Many years I acted for a man accused of rape. My PRIVATE opinion was that he was guilty as sin but I hope that we all agree – and that Deborah would have agreed – that that was irrelevant.
He was remanded in custody – but while he was waiting for this trial the unfortunate woman concerned was killed in a road accident (nobody suggested it was anything else, she ended her life under the wheels of the car of a drunken driver who then smashed her car into a wall and was also killed) and I immediately applied for bail, because (a) he could not now interfere with the witness and (b) in any case the prosecution was not likely to go ahead.
The hearing was on the Friday before a public holiday on the Monday and the judge who heard it asked the prosecution whether the case could indeed go on. “No, my Lord”. “Then let’s arraign him now and get it done”. He pleaded not guilty, the prosecution offered no evidence, and my client was released. The judge was kind enough to say that I had done well to get the matter listed so quickly so that he was not kept in custody longer than was necessary.

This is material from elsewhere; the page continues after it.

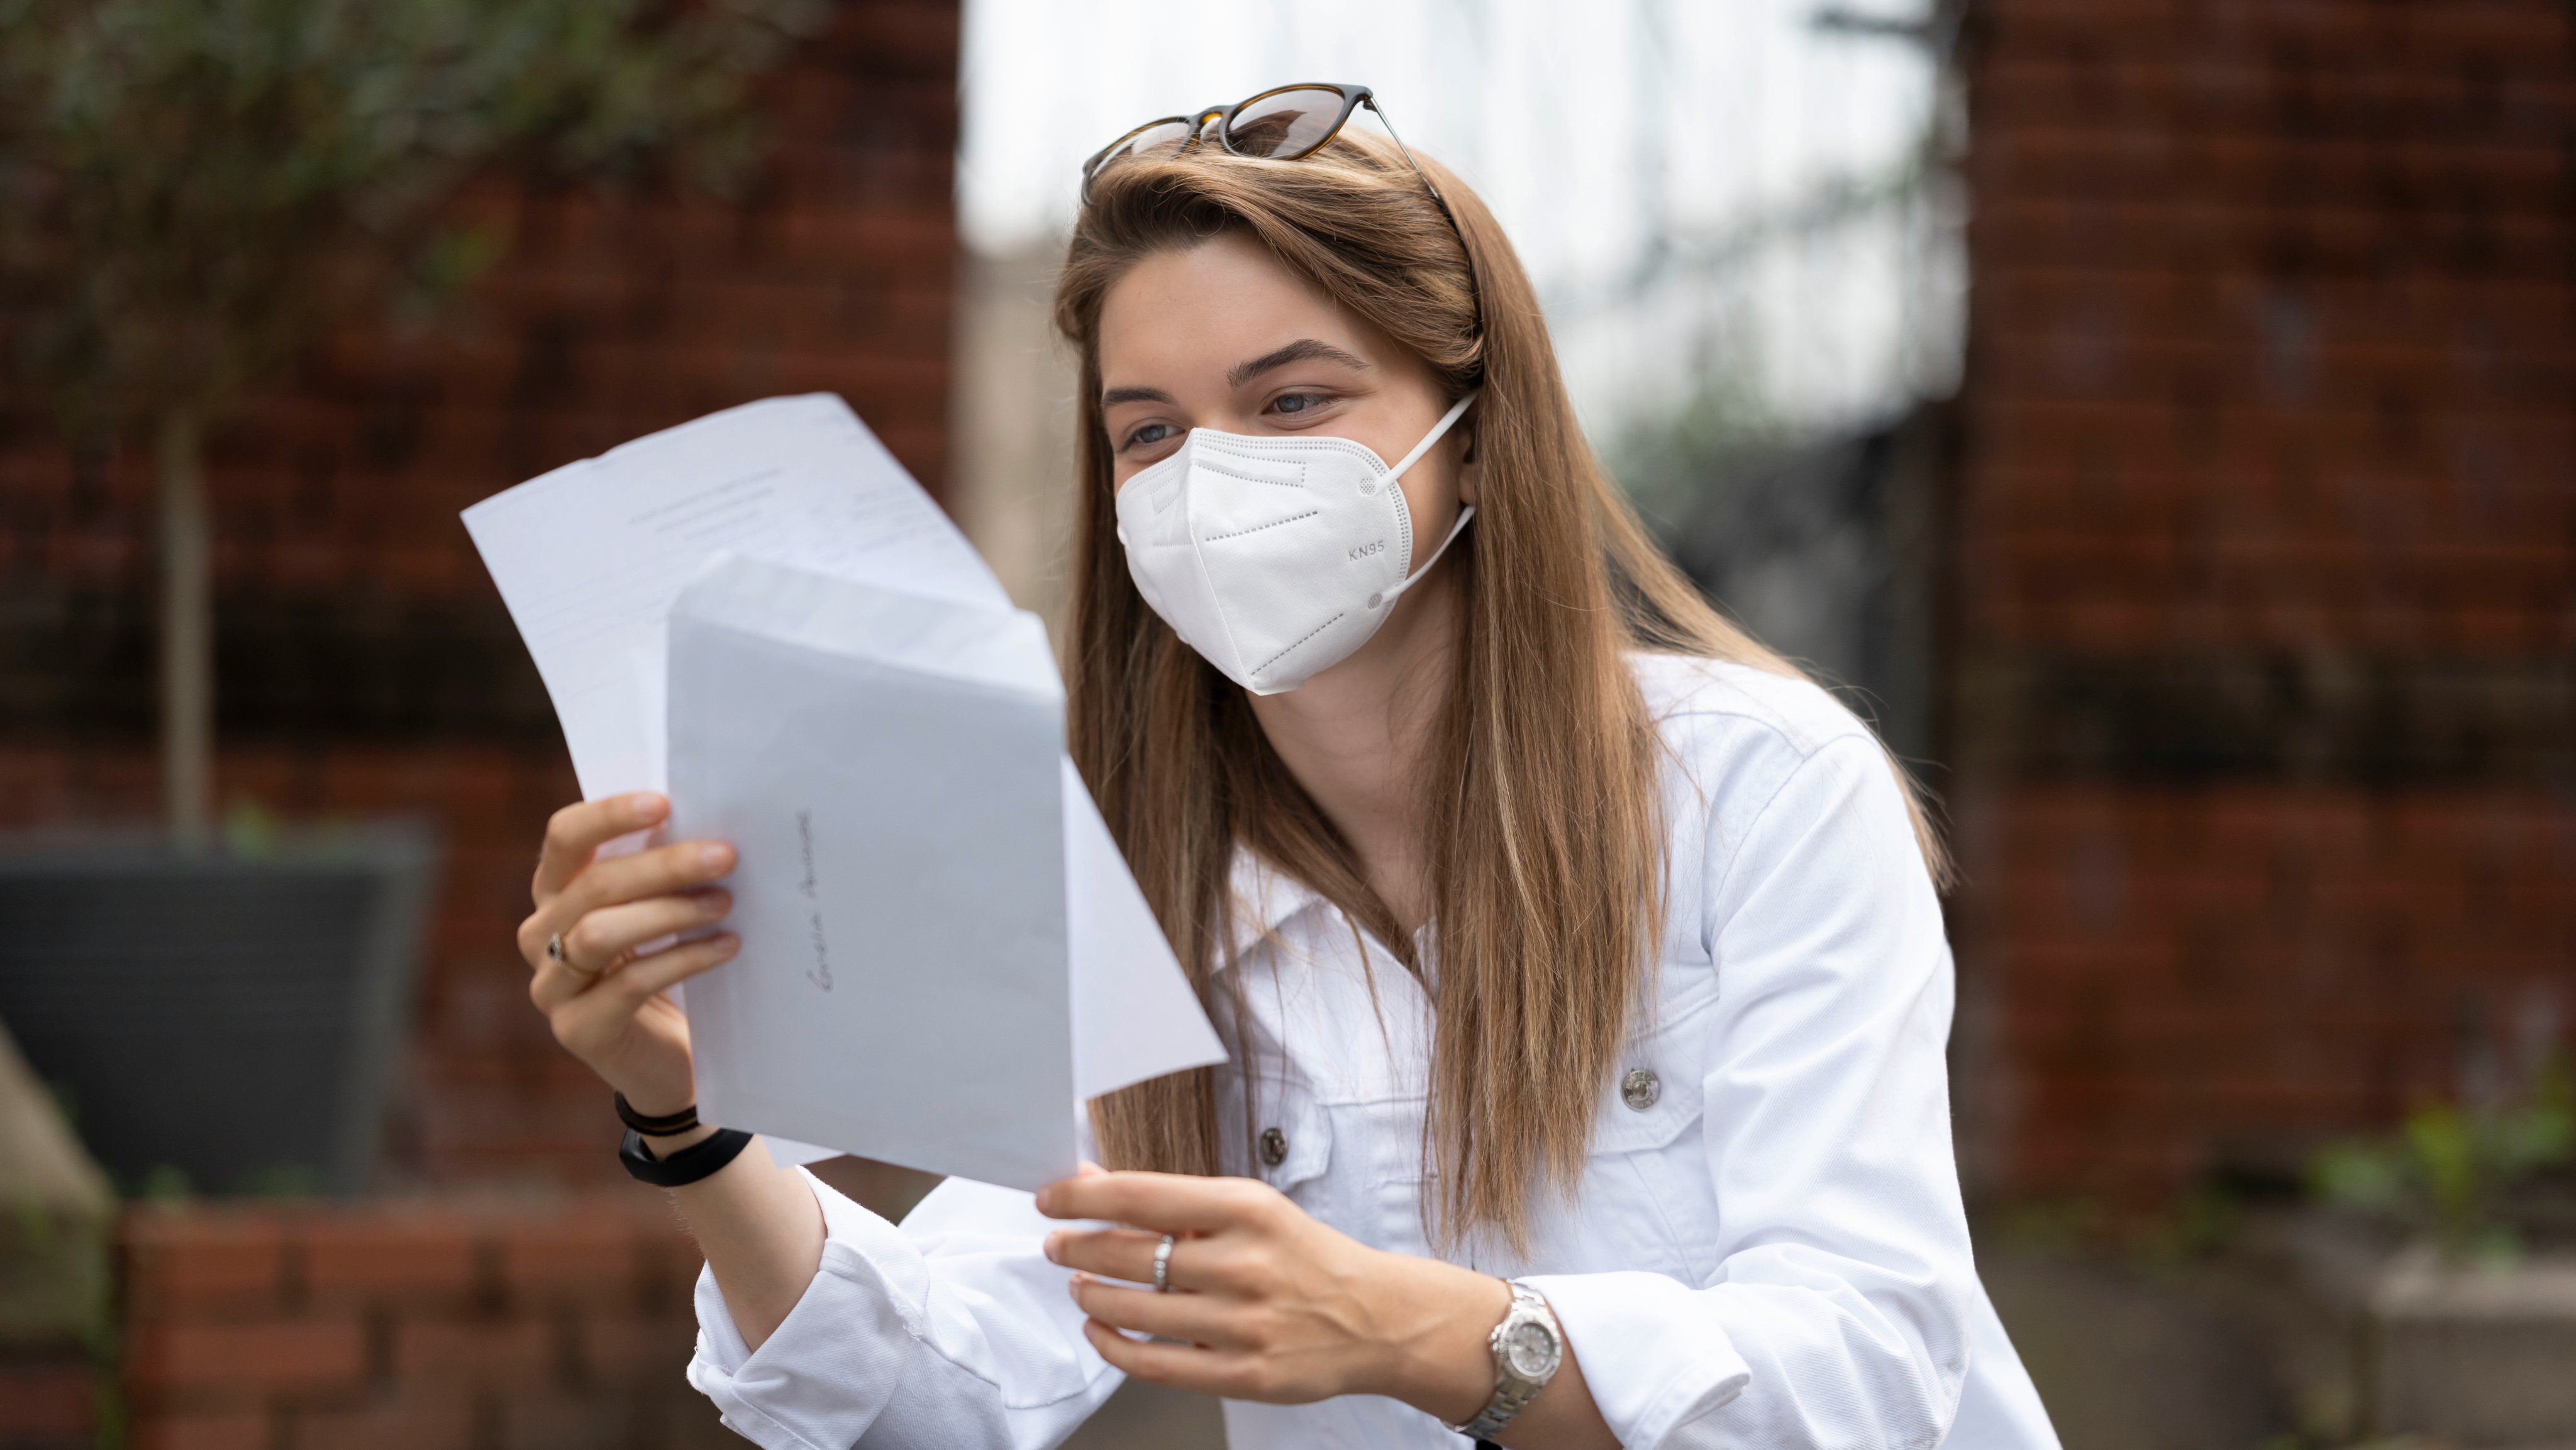 Students Receive A&#039; Level Results During Coronavirus Pandemic
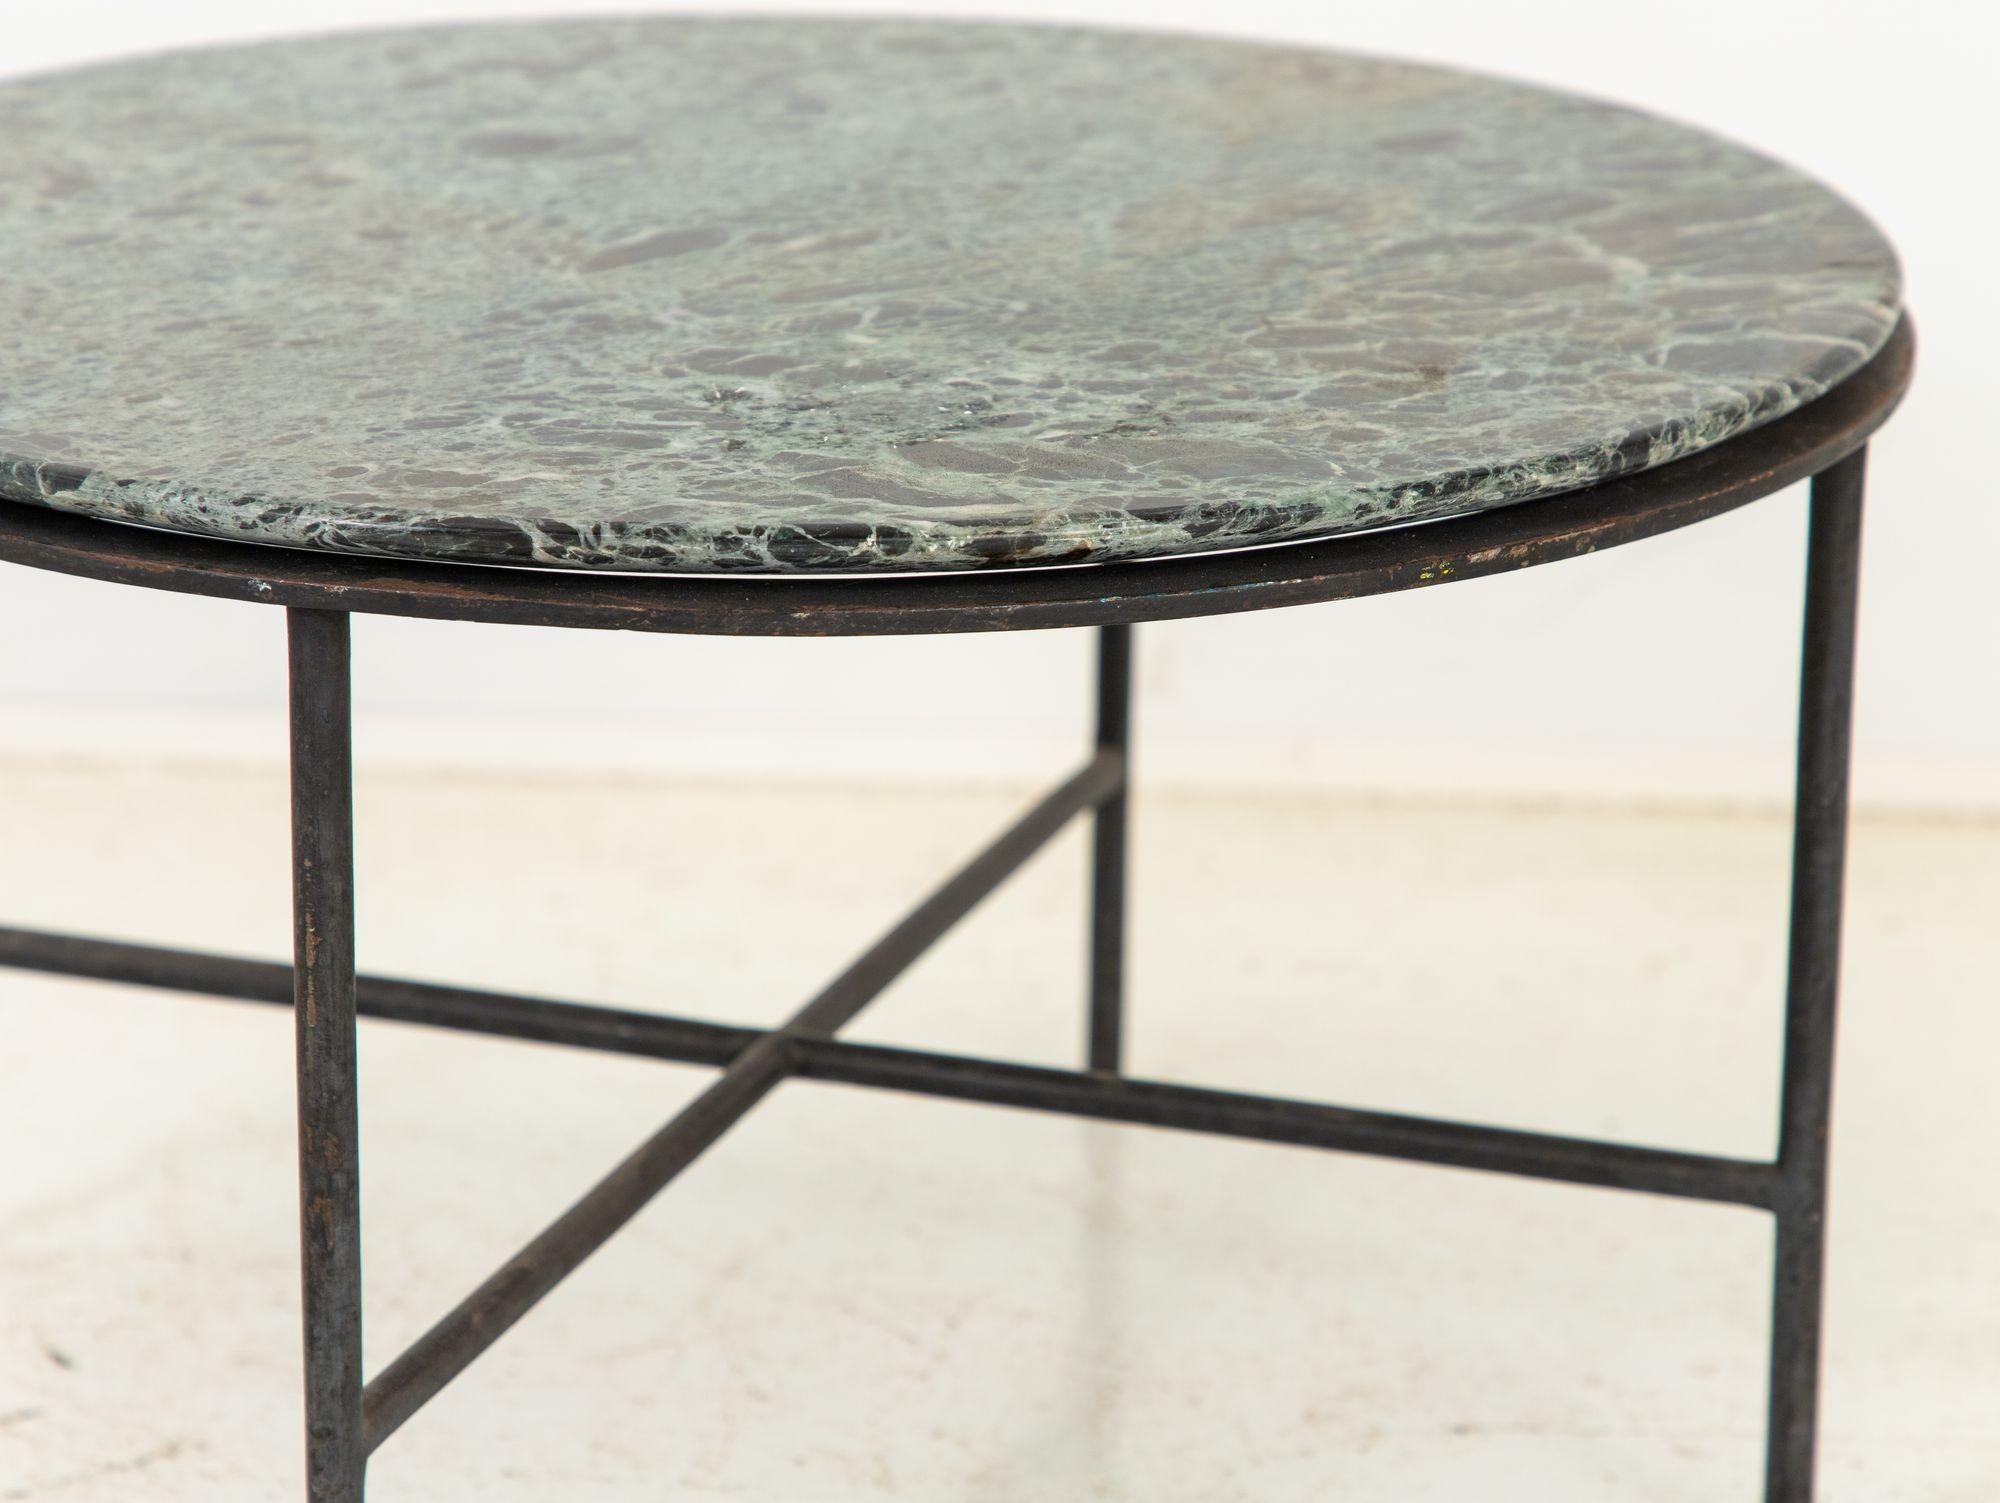 Round Iron base Cocktail Table with Green Marble Top, France 1960s For Sale 1

And the next and last I heard of him was a press report of him getting a long sentence for another rape committed over that weekend.
It is probable that if he had not raped Ms A on the Sunday it would have been Ms B on the Tuesday. But that apart, am I to blame for acting for him at all? For applying for bail? For being efficient and getting the application on quickly?
Lawyers in practice – especially in crime, but also in family work, face that sort of issue every day, or rather would if they were academics watching lawyers in practice. We don’t have to like our clients and we certainly don’t act on our personal opinions of them. Should we?